Я качнул головой, соглашаясь.
— Но не это главное, сир Олфин, — он пронзительно глянул на меня, — Мне надо кому-нибудь все это оставить, понимаешь, весь этот мир! Наш мир! Это наша родина, здесь мы родились и сюда возвращались умирать.
— А как же другие такие же врата, только поменьше, на других планетах? — поинтересовался я.
— Да, ты прав, есть и там наши последние врата. Кто-то погибал и вдали от родных краев. Но все, кто мог, возвращались сюда.

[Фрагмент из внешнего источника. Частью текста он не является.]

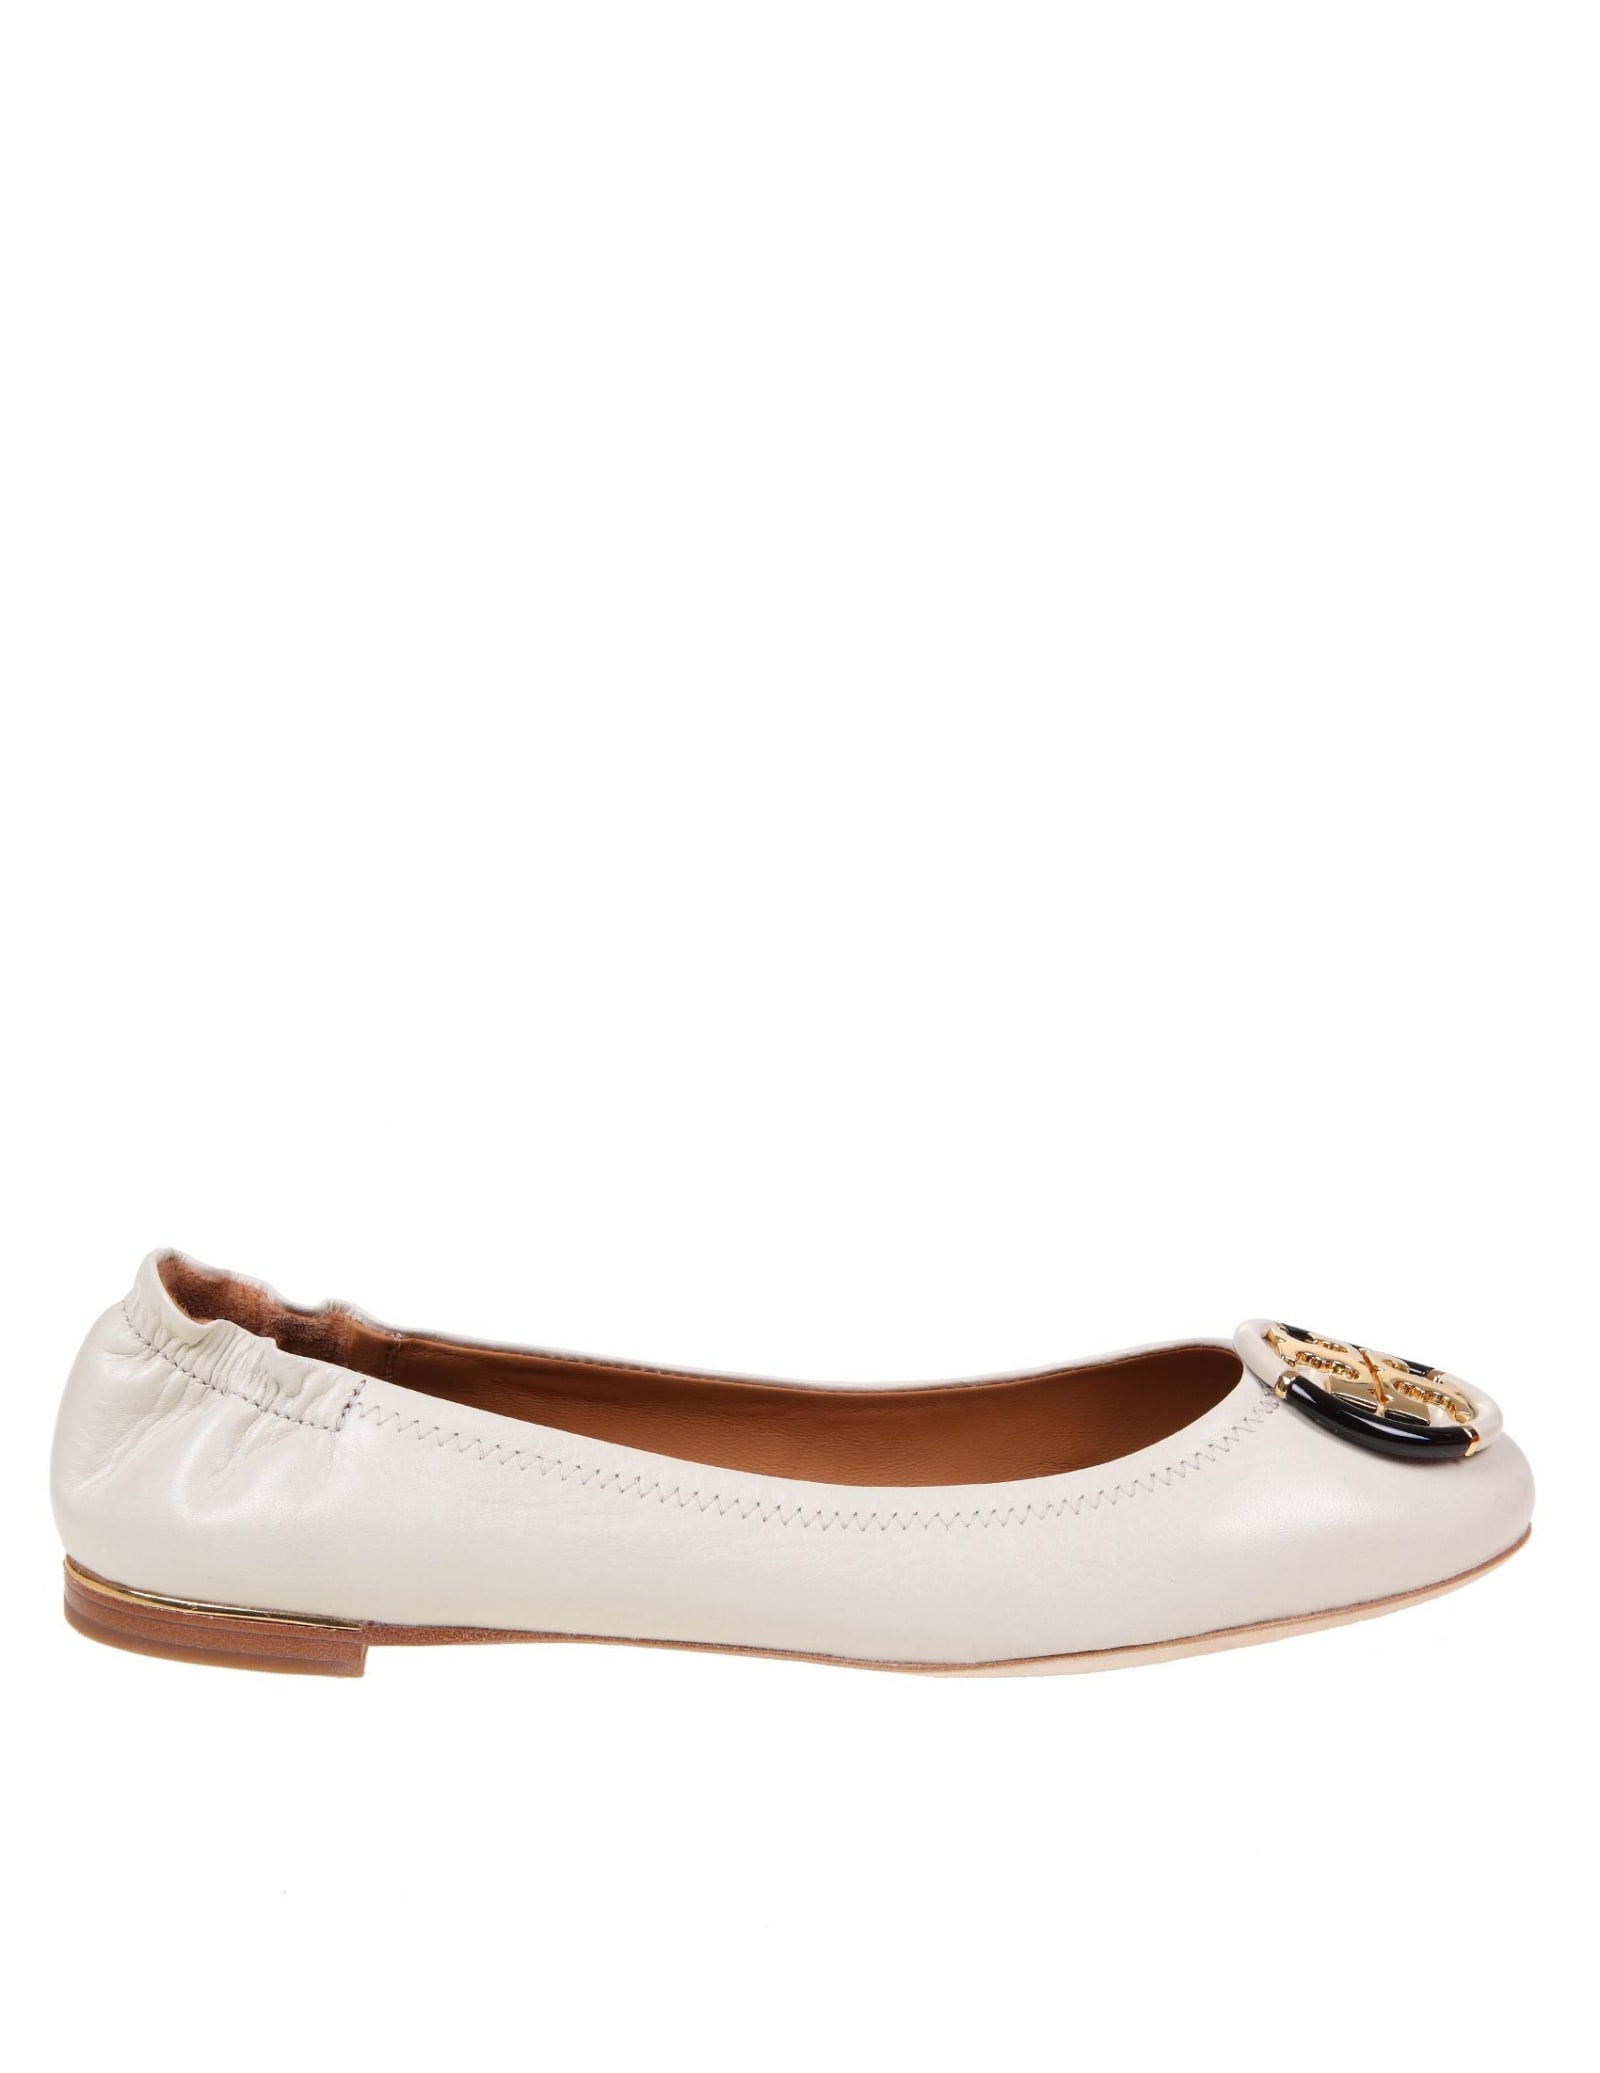 Tory Burch Ballerina Multi Logo In Ivory Color Leather

Он надолго замолчал, а мы с Лео уважительно не нарушали тишину. Потом он неожиданно сменил тему:
— Я часто наблюдал за тобой, смотрел через твое плечо, ты не чувствовал?
— Нет.
Он засмеялся с трудом:
— Прости, осталась такая дурацкая привычка, подглядывать за людьми. Но в этот раз, поверь, это было не ради развлечения. Я наблюдал за тобой, думал, размышлял, стоит ли с тобой встречаться.
— И что? — поинтересовался я с иронией.
Он опять остро взглянул на меня:
— Ты не понимаешь, как для меня это важно. Я — последний в своем роду, со мной навсегда уйдет целая эпоха, и мне не безразлично, кем будет тот, кто за мной закроет последнюю дверь.